Group 1 - The company has successfully completed the first patient dosing in the IB/II clinical trial of IMM2510 in combination with IMM01 for the treatment of advanced solid tumors, marking a significant milestone in innovative cancer immunotherapy [1] - IMM2510, developed by the company, is a bispecific molecule targeting VEGF and PD-L1, designed to inhibit angiogenesis, reduce tumor size, and enhance immune response sensitivity [1] - The mechanism of IMM2510 includes blocking the PD-L1/PD-1 interaction and inducing antibody-dependent cellular cytotoxicity (ADCC) and phagocytosis (ADCP), activating T cells, natural killer cells, and macrophages [1] Group 2 - The company has entered into a licensing and collaboration agreement with Axion Bio, Inc., granting the company commercialization rights for IMM2510 in Greater China while allowing Axion Bio, Inc. exclusive rights for research, development, and commercialization outside Greater China [2] - The company's core product, IMM01, is the first SIRPα-Fc fusion protein to enter clinical stages in China, designed to activate macrophages by blocking the "don't eat me" signal and delivering the "eat me" signal [3] - IMM01 has received orphan drug designation from the FDA for first-line treatment of CMML in combination with azacitidine, demonstrating its potential in the market [3] - The company holds global intellectual property and commercialization rights for IMM01, with a patent family that includes granted patents in China, the US, Japan, and the EU [3]

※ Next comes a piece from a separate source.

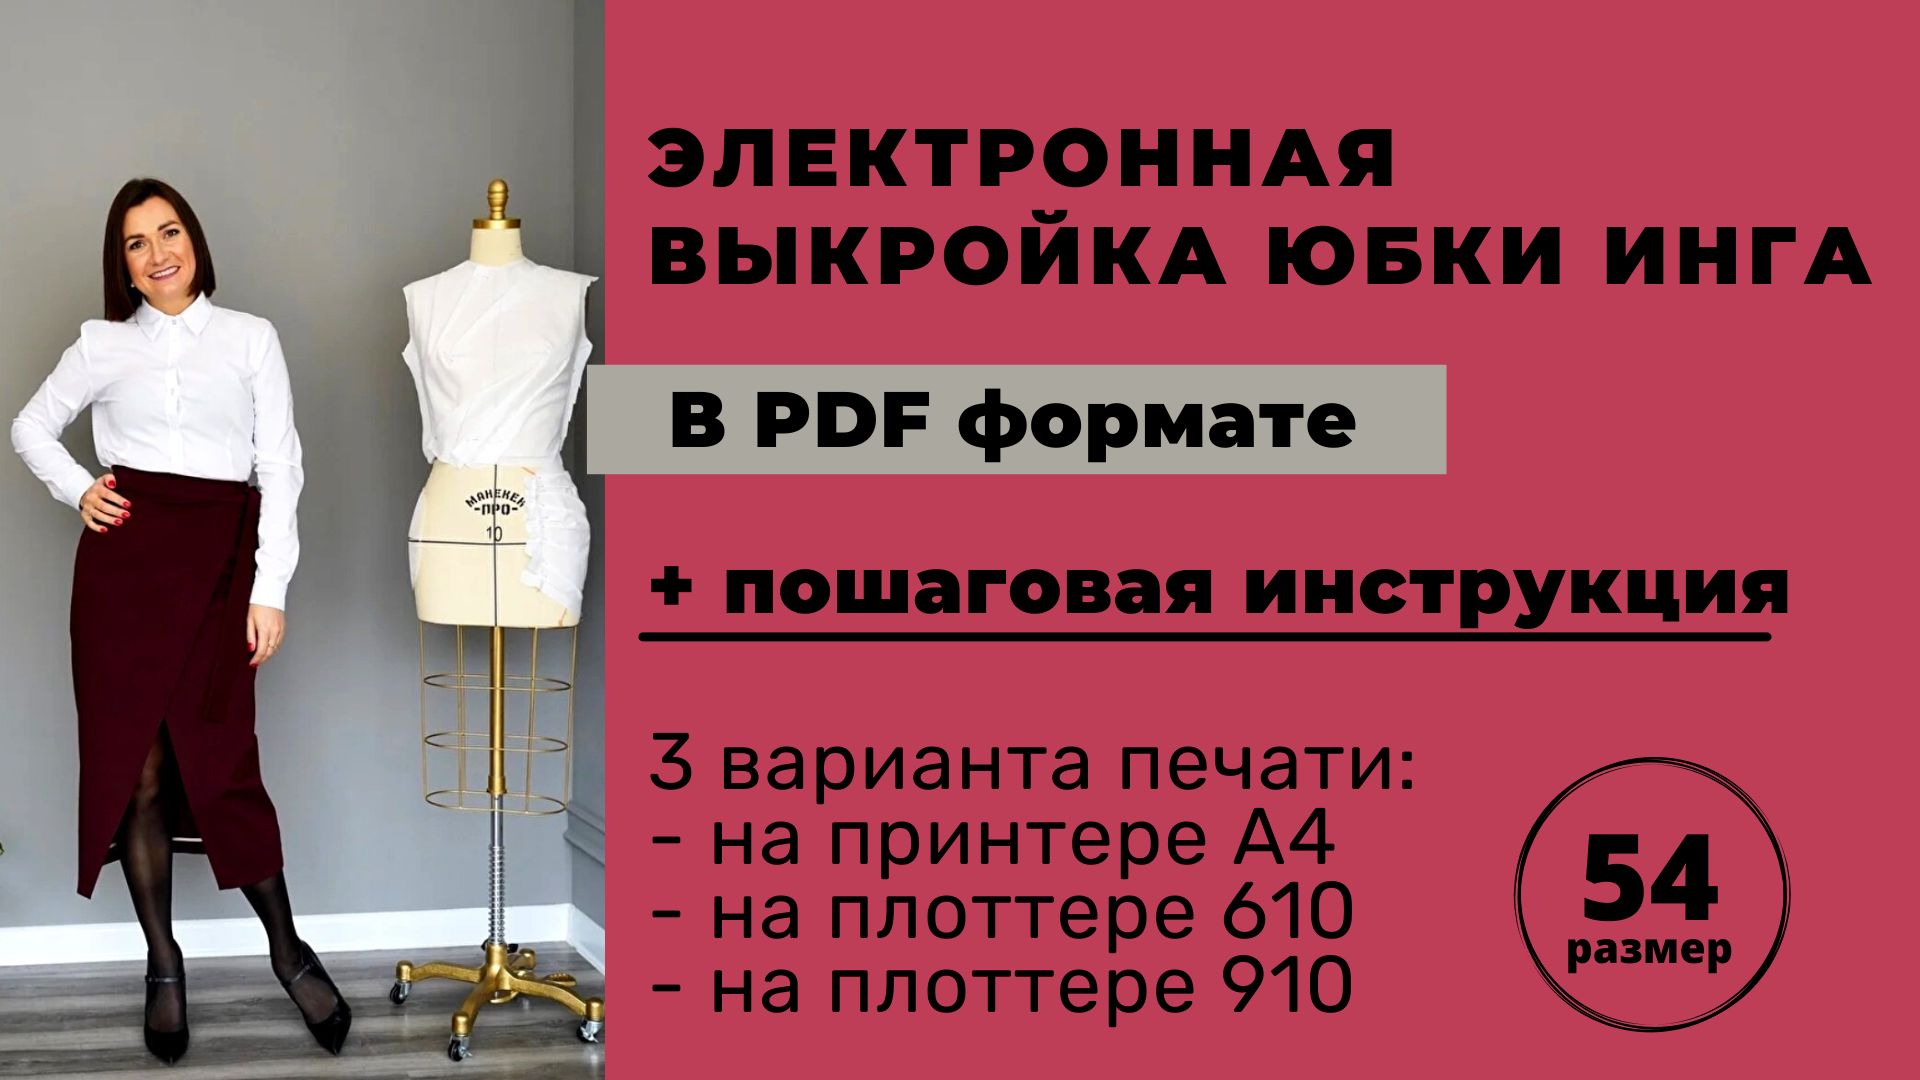 Электронная выкройка юбки Инга размер 54 в формате pdf для печати А4 / плоттер 610 / плоттер 910

Group 1 - Company has successfully completed the first patient dosing in the Phase IB/II clinical trial of IMM2510 in combination with IMM01 for the treatment of advanced solid tumors, marking a significant milestone in the field of innovative cancer immunotherapy [1] - IMM2510 (Perivalephap α) is a proprietary dual-specific molecule targeting Vascular Endothelial Growth Factor (VEGF) and Programmed Cell Death Ligand 1 (PD-L1), designed to inhibit angiogenesis, reduce tumor size, and enhance tumor cell sensitivity to immune responses [1] - The mechanism of IMM2510 includes blocking the PD-L1/Programmed Cell Death Protein 1 (PD-1) interaction and inducing Fc-mediated Antibody-Dependent Cellular Cytotoxicity (ADCC) and Antibody-Dependent Cellular Phagocytosis (ADCP) to activate T cells, natural killer cells, and macrophages [1] Group 2 - The company has entered into a licensing and collaboration agreement with Axion Bio, Inc., granting the company commercialization rights for IMM2510 in Greater China while allowing Axion Bio, Inc. exclusive rights for research, development, and commercialization outside Greater China [2] - The core product IMM01 (Tidapepac) is an innovative molecule targeting CD47, recognized as the first SIRPα-Fc fusion protein to enter clinical stages in China, demonstrating a dual mechanism to activate macrophages [3] - IMM01 has received orphan drug designation from the U.S. Food and Drug Administration (FDA) for first-line treatment of Chronic Myelomonocytic Leukemia (CMML) in combination with Azacitidine, showcasing its potential in the market [3] - The company holds global intellectual property and commercialization rights for IMM01, with a patent family that includes granted patents in China, the United States, Japan, and the European Union [3]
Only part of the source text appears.